Limitations of the Calling Convention Optimization

Thu Oct 22 18:02:59 UTC 2020

----- Mail original -----
> De: "Tobias Hartmann" <tobias.hartmann at oracle.com>
> À: "Remi Forax" <forax at univ-mlv.fr>
> Cc: "valhalla-dev" <valhalla-dev at openjdk.java.net>
> Envoyé: Jeudi 22 Octobre 2020 12:30:30
> Objet: Re: Limitations of the Calling Convention Optimization

> Hi Rémi,
> 
> On 21.10.20 19:37, Remi Forax wrote:
>>> 1) Improving the inlining heuristic is a long standing issue with C2 that is
>>> independent of inline
>>> types and an entire project on its own. Of course, we could tweak the current
>>> implementation such
>>> that problematic calls are more likely to be inlined but that will still be
>>> limited and might have
>>> side effects.
>> 
>> There are possible tweaks that are backward compatible because currently there
>> is no Q-type in any published jars.
>> Instead of doing the inlining from top to bottom, starts by inlining methods
>> that have a Q-type and then inline the other methods from top to bottom.
> 
> Sure but my point is that tweaking the inlining heuristic is far from trivial
> and even inline type
> specific tweaks will have unforeseeable side effects on code not using inline
> types. 

??,
i fail to see how it can affect code that not have been written yet.

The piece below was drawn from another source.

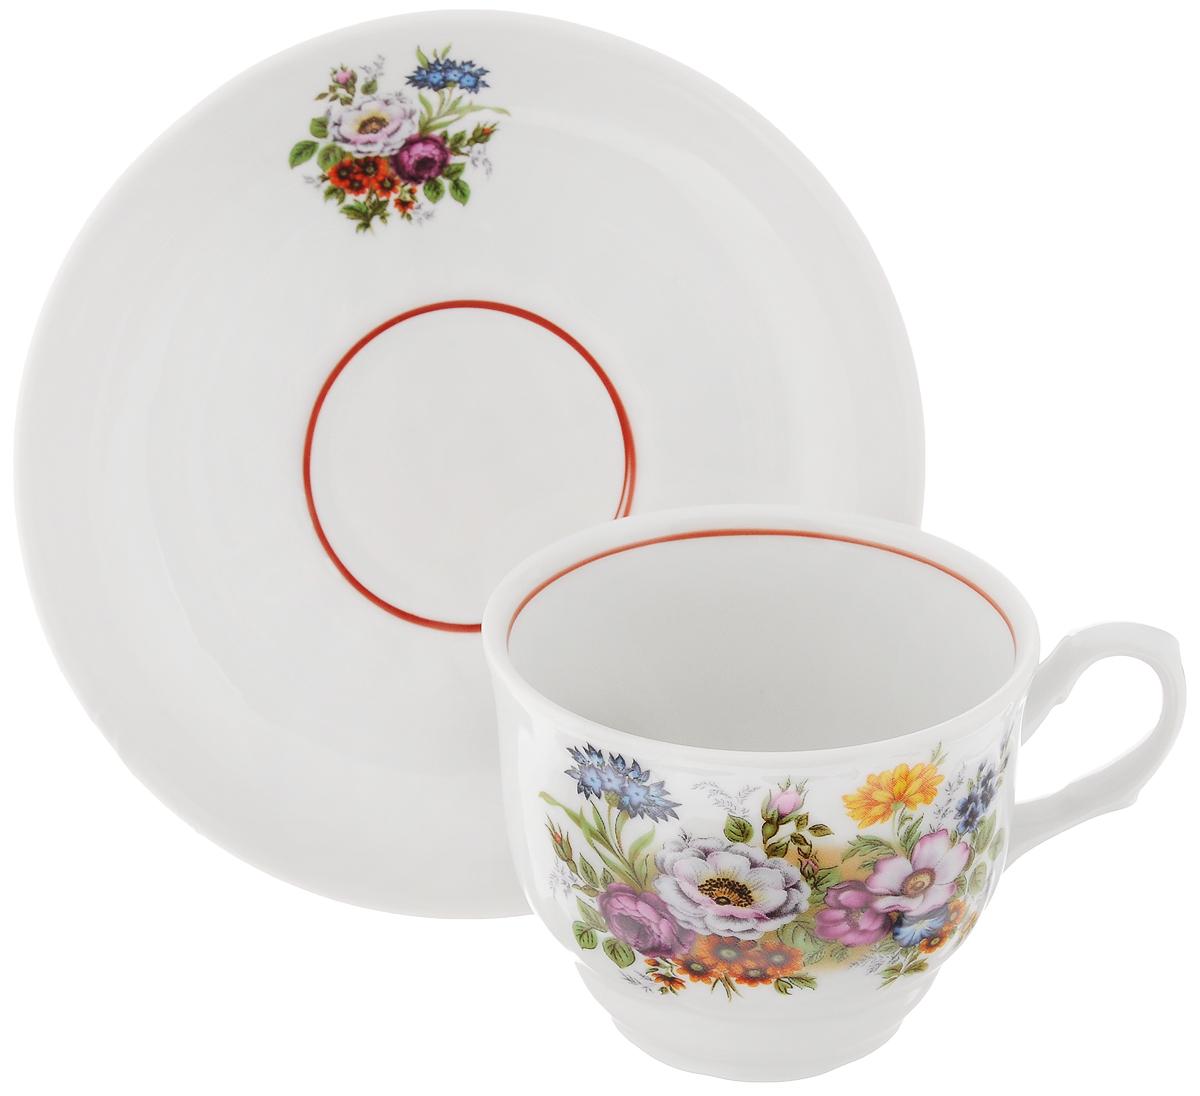 Чайная пара Тюльпан. Букет цветов, 2 предметаVT-1520(SR)Чайная пара Тюльпан. Букет цветов состоит из чашки и блюдца, изготовленных из высококачественного фарфора. Яркий дизайн изделий, несомненно, придется вам по вкусу.Чайная пара Тюльпан. Букет цветов украсит ваш кухонный стол, а также станет замечательным подарком к любому празднику.Диаметр чашки (по верхнему краю): 8,5 см.Высота чашки: 7 см.Диаметр блюдца (по верхнему краю): 15 см.Высота блюдца: 3 см.

> And as always, we can't inline everything.

yes.

> 
>> The other thing is that from my own experience, it's kind of rare to have all
>> the interresting methods compiled with c2,
>> usually you have a mix of methods compiled with c2 and c1. So it seams that
>> implementing the scalarization calling convention in c1 may help.
> 
> Yes but that won't help because C1 does not even scalarize in the scope of a
> compilation unit (i.e. even if we pass/return to C1 in a scalarized form, C1 will need to immediately
> buffer). Like the interpreter, it always buffers inline types and it was never designed to support
> scalarization.

c1 doesn't have to buffer because it can do on stack allocation (at least for small inline object).
With that, you may be able to scalarize method calls in c1.

> 
>>> 2) We've already evaluated options to make buffering more light-weight in the
>>> past. For example,
>>> thread-local value buffering [2] turned out to not improve performance as
>>> expected while adding lots
>>> of complexity and required costly runtime checks. And even if we buffer inline
>>> types outside of the
>>> Java heap, the GC still needs to know about object fields.
>> 
>> I wonder if aload(slot)/astore(slot) can be transformed to qload(slot,
>> inlineSize) and qstore(slot, inlineSize) before being interpreted.
> 
> Not sure if I'm following but are you suggesting to replace individual inline
> buffer loads/stores by vectorized loads/stores?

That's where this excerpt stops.